Armenian school in Larnaca, Cyprus

The Nareg Armenian School (Αρμενικό Σχολείο Ναρέκ; Նարեկ Հայկական Վարժարան), also known as the Larnaca Armenian School, is located on 21, Armenian church street in central Larnaca, next to the Sourp Stepanos (Saint Stephen) church. Since 1972, Armenian Elementary Schools in Cyprus (Nicosia, Larnaca, Limassol and, until 1974, Famagusta) are called Nareg, in memory of Saint Krikor Naregatsi (951-1003).

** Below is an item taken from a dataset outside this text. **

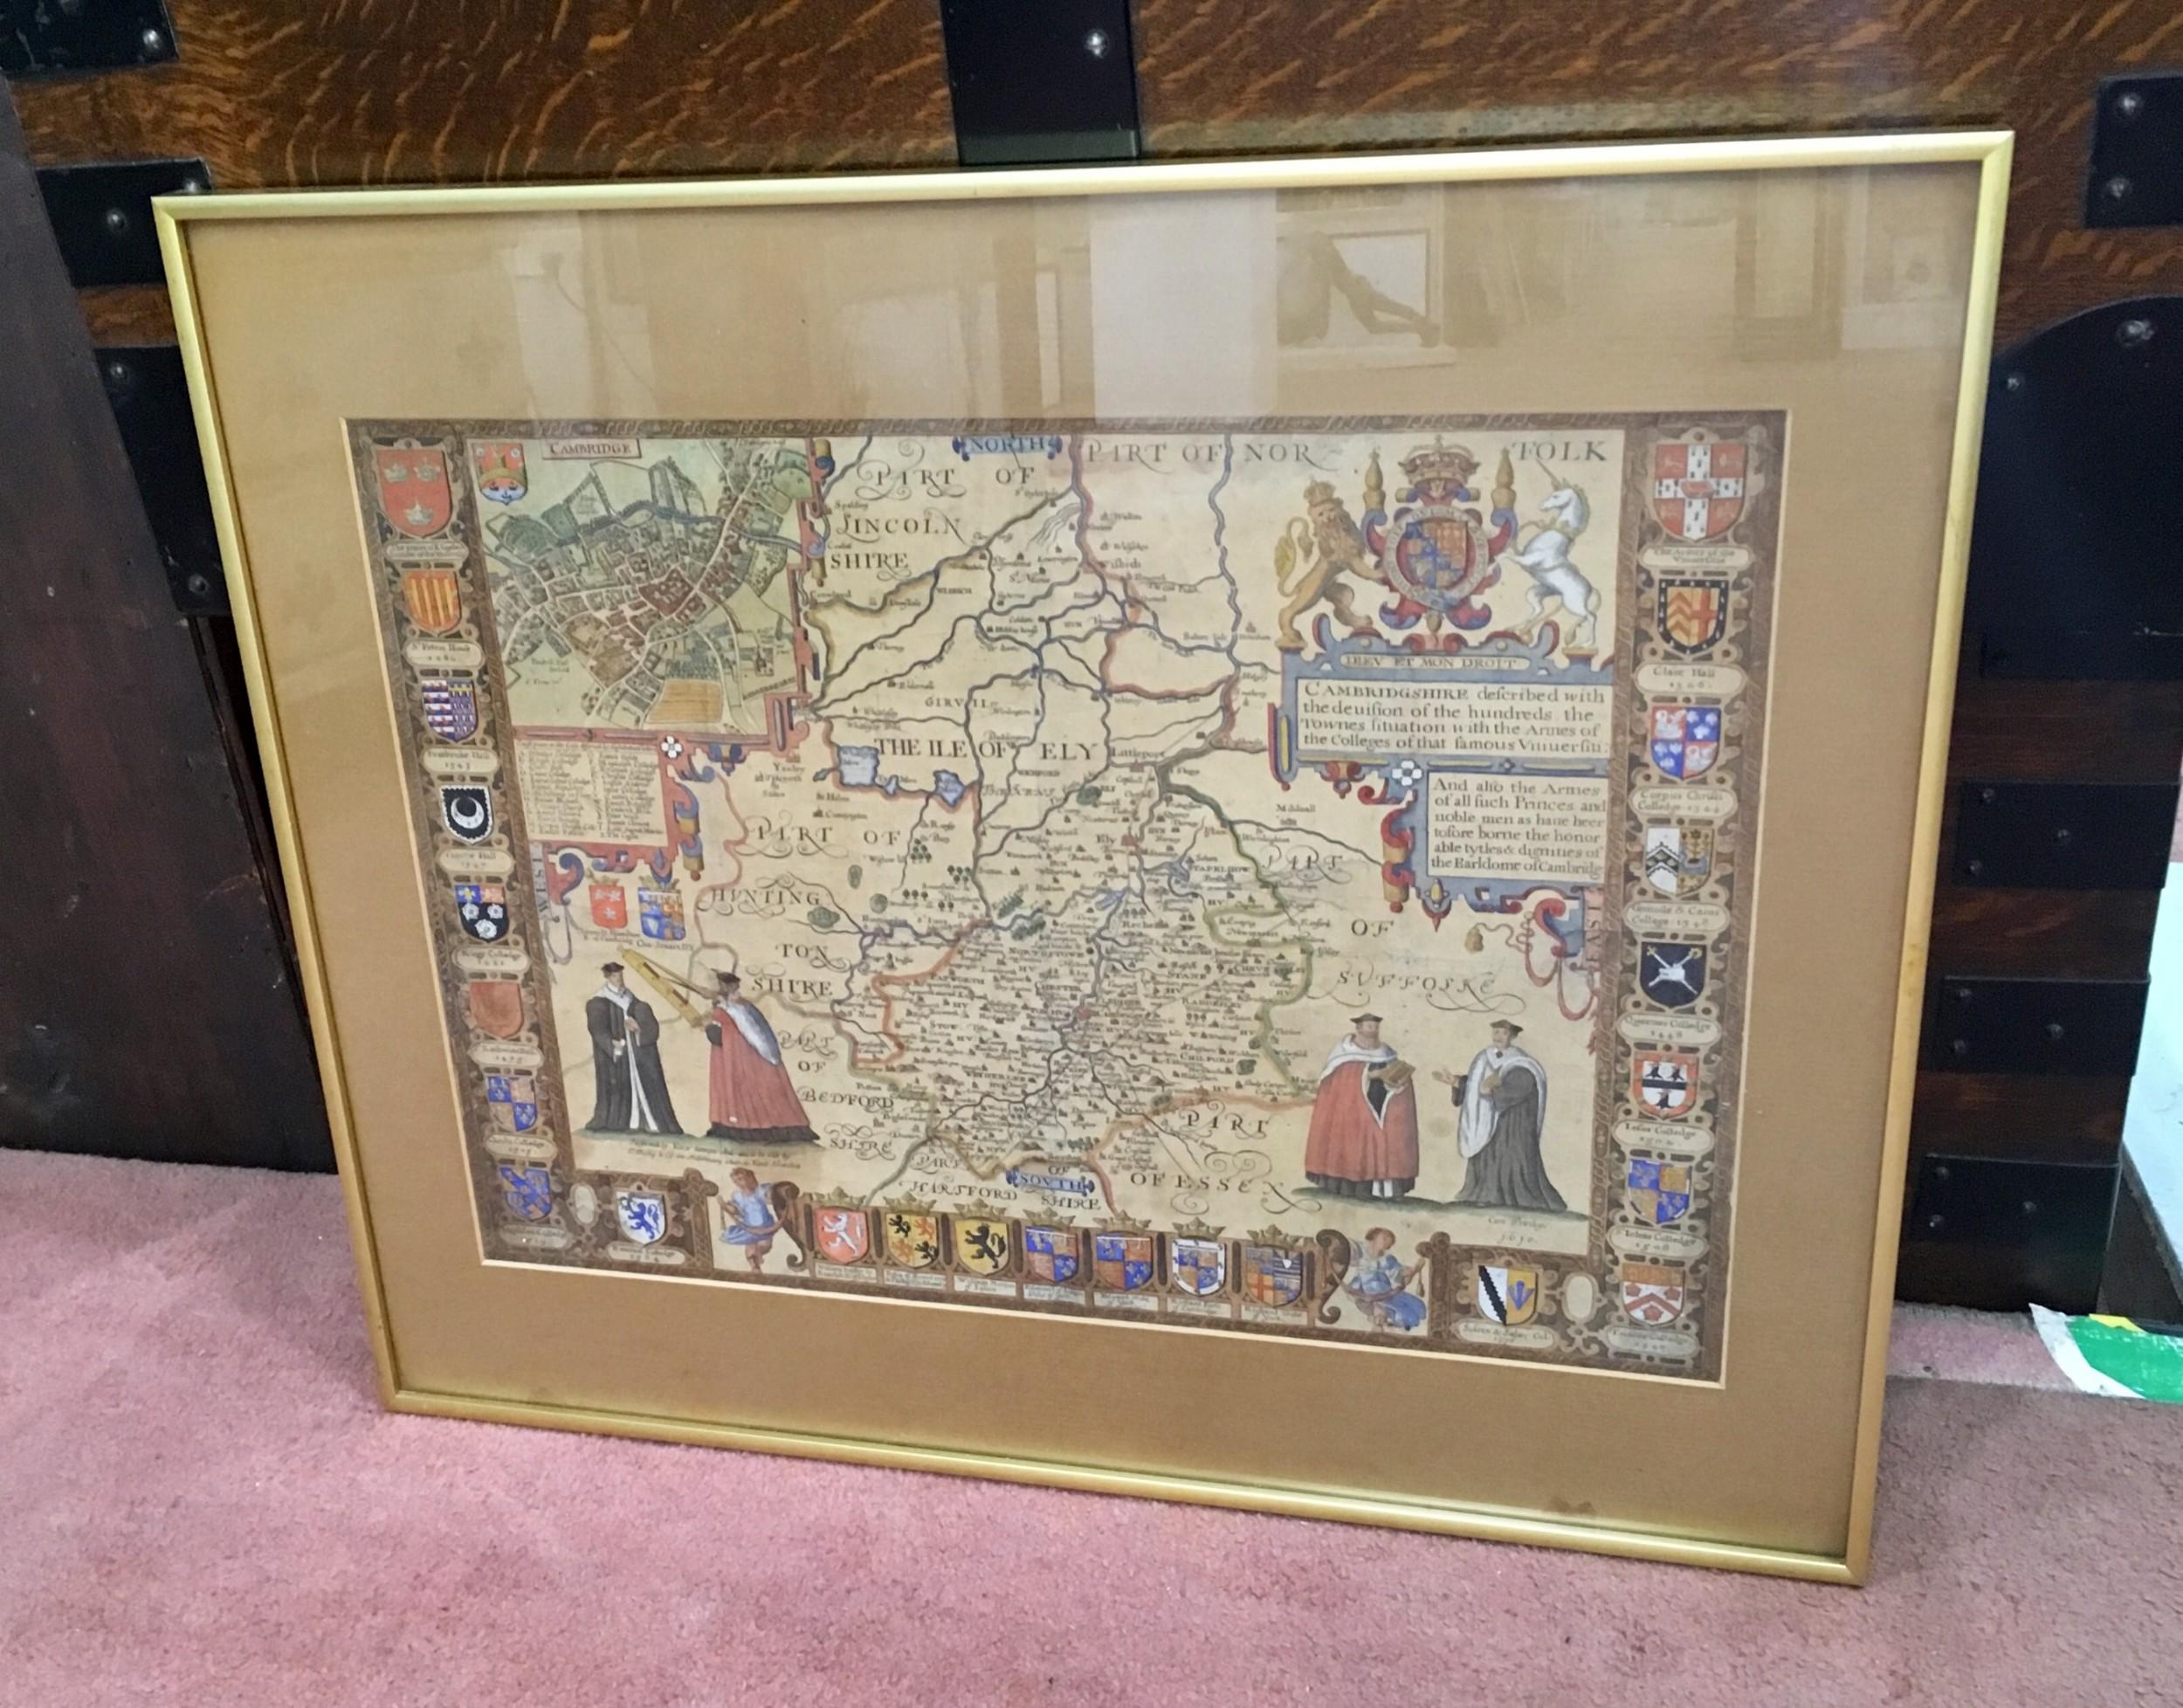 1610 map of cambridge by john speed

The current building was built between 1993-1995 by the Technical Services of the Ministry of Education and was inaugurated on 18 May 1996 by the then-President of Cyprus Glafcos Clerides. Currently, the school has about 25 students. As with the other Nareg Schools (in Nicosia and Limassol), Vera Tahmazian has been the Headmistress since 2009, and the school is under the tutelage of the Armenian Schools of Cyprus Committee.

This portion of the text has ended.